DeFi staking on Waves Neutrino made me fail to myself

in LeoFinance3 years ago

This is the tale of someone -me- who decided to go for a risky "investment" while it has avoided them for most of its crypto-life.

I had certain amount of bitcoin accumulating dust. I had earned them working for a certain well known company from the crypto-sphere. It happened that I had also attracted a relative to get into this wonderful world of freedom.

Being that person younger than me, it liked to be more risky, and was very often asking me about projects from the "DeFi" world.

My first adventure on DeFi

I then did some research and advised to get in or to run away from it. It also happened that in a few of those projects -all of them very well known, Nexo as an example- we both get in. In the case of Nexo, I knew it from a time before, I liked their dividends program, although I never get in at the time.

I am of the kind of person which likes to know where is putting its money. Not a deep knowledge, but at least know from where I will be getting my profits.

In the case of Nexo, for example, my money is lended by the platform to other people. Nexo makes some profit from this like a bank. It lends my money for a greater interest than what needs to pay me for it. Quite simple. Like I said, it works like a traditional bank, but with crypto-assets instead of trash-money.

Bitten by DeFi's bug

Meanwhile, I decided to stake the money on Stellar. I don't like fiat money, but just in case everything goes to dust, at least I would have some money in the form of a stablecoin. After some time, I staked it to get some rewards.

Then, I was asked about Terra and Anchor UST. At first, I liked it. Over there you can find assets representing shares of some well known business. I won't tell you which ones, as I don't want to risk vomiting after pronouncing every name.

While watching some videos on Odysee, I watched one which was claiming Terra UST could be a ponzi scheme. As I know that my relative was thinking about putting a very big amount there, I run to ask to don¡t do it. Luckily I was able to warn him on time.

Finally, I suggested to put the money on Waves USDT. I was a holder during the previous boom of the Bitcoin and Waves was one of the cryptocurrencies I liked the most. Long time after selling my WAVE tokens, I learned about the way transactions are confirmed -really fast, sometimes even instantly, as Waves blockchain blocks are relayed while they are still being built-.

I staked certain amount of EURN -which had to be bought with USDN- before the weekend. And then, on Monday, BOOM. USDN token lost its peg with USD -right now it is being exchanged for about 0.9 USD, but it has gone to 0.6 USD-.

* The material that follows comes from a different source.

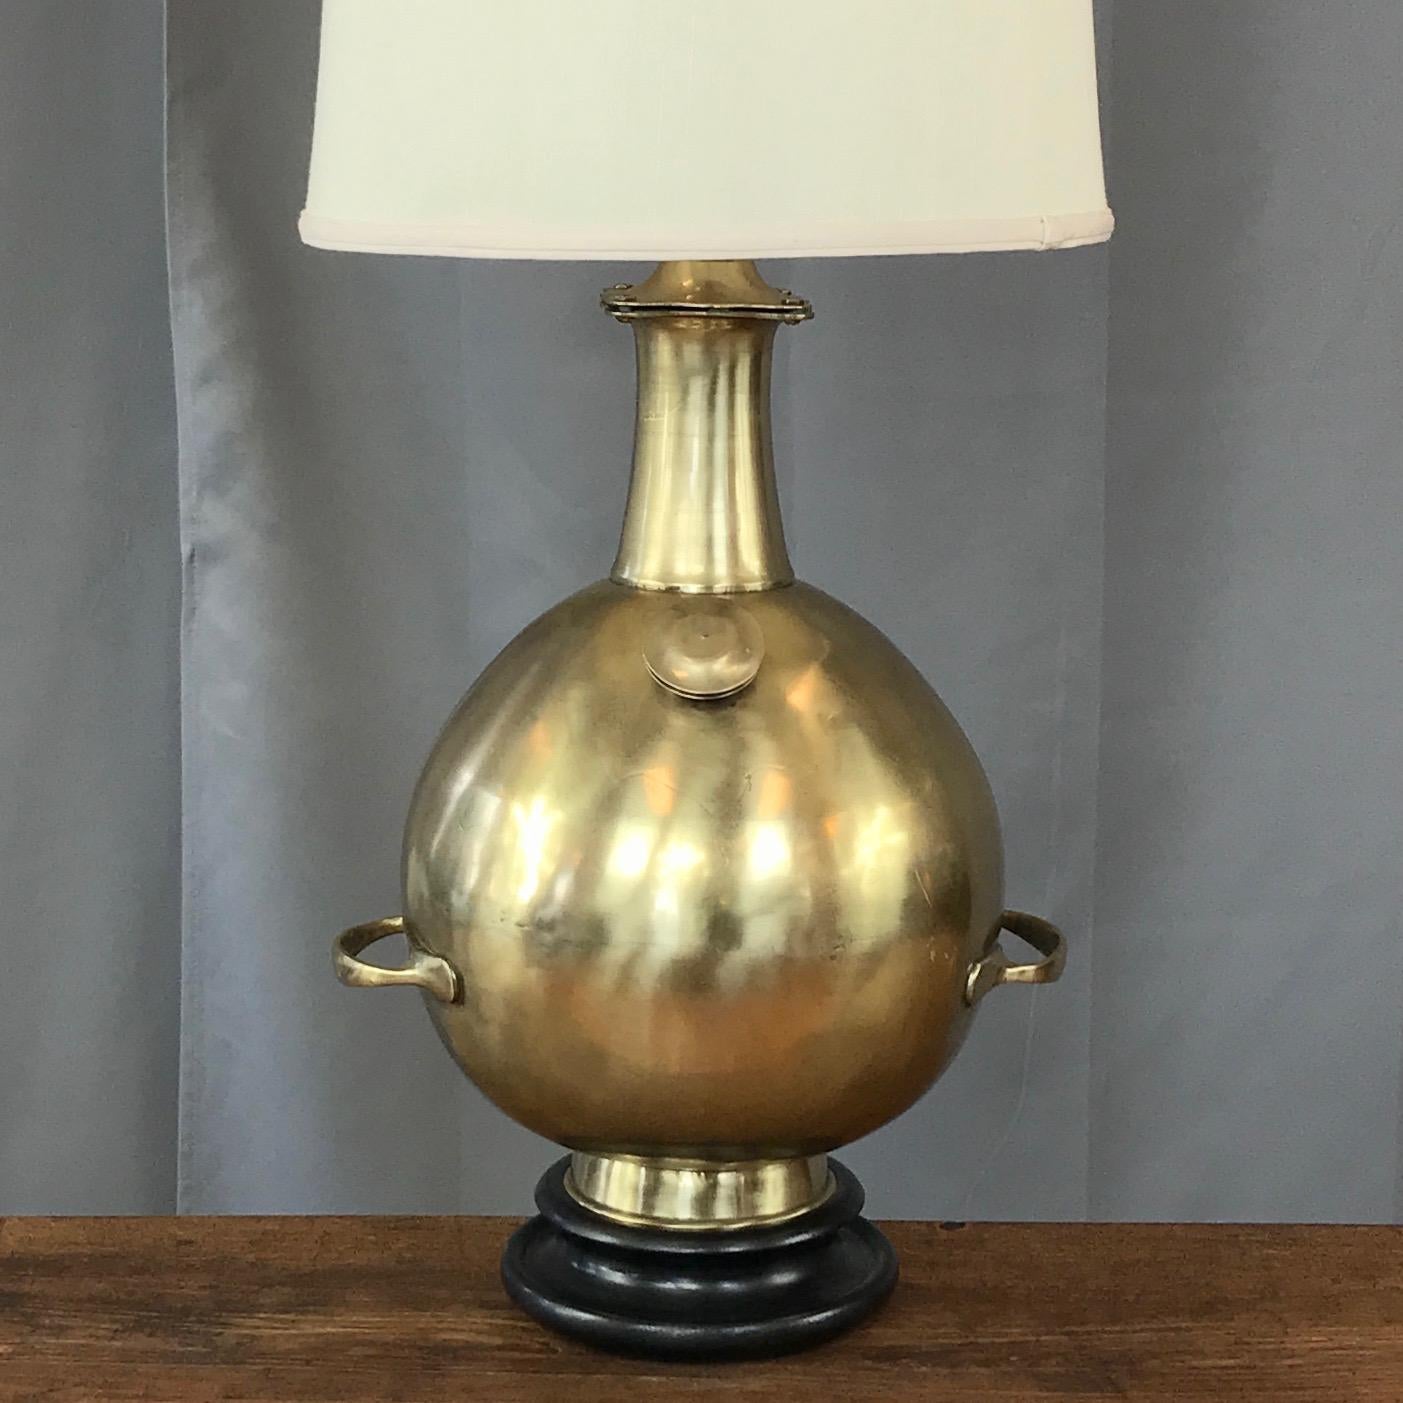 A monumental and uncommon Marbro Lamp Company brass table lamp on black wood base.

Substantial gleaming solid brass body features interesting Machine Age-type design details that evoke an antique diving bell or pressure cooker. Black lacquered

Again, I warned my relative about it, and luckily I am also being early about it. I don't want anyone to loose money because of an advise given by myself.

While trying to avoid a risk which was unconfirmed, I felt into another one which I could totally had avoided, as some users of a social media platform had already alerted people. One of them even with transactions which seems are a proof about Waves development team increasing Waves price to be able to keep minting more USDN tokens.

I recognize that I fell into the trap. I didn't understand the way Neutrino works -and I am still not being able to- and I shouldn't put a single cent over there.

And all of this has made me rethink about the cryptosphere.

Staking of native token is for holders. Everything else is for greedy people

Proof-of-stake distributes tokens to holders. Those tokens are new. And it doesn't matter how many holders are ready to stake. Nodes receive their newly minted tokens and then they distribute them. In Cardano, that process is hard-coded on the blockchain software. On Waves, nodes gets their rewards and then they decide who and how many will get a portion of it.

However, on these platforms which are offering you more than 5% or 10% something obscure is happening for them to be able to give a much higher percentage. Also interesting that the bigger percentage is always for staking stablecoins -or shitcoins also-. They are targeting greedy people and people not really interested in cryptocurrencies.

I just don't understand how they are able to give anything. What they are using my money for? In real world, such a big interest is suspicious, except of banks, where their business model is well known, in the case of deposits and loans.

At the end, I will most likely move my money to increase my current holdings of some proof-of-stake blockchain.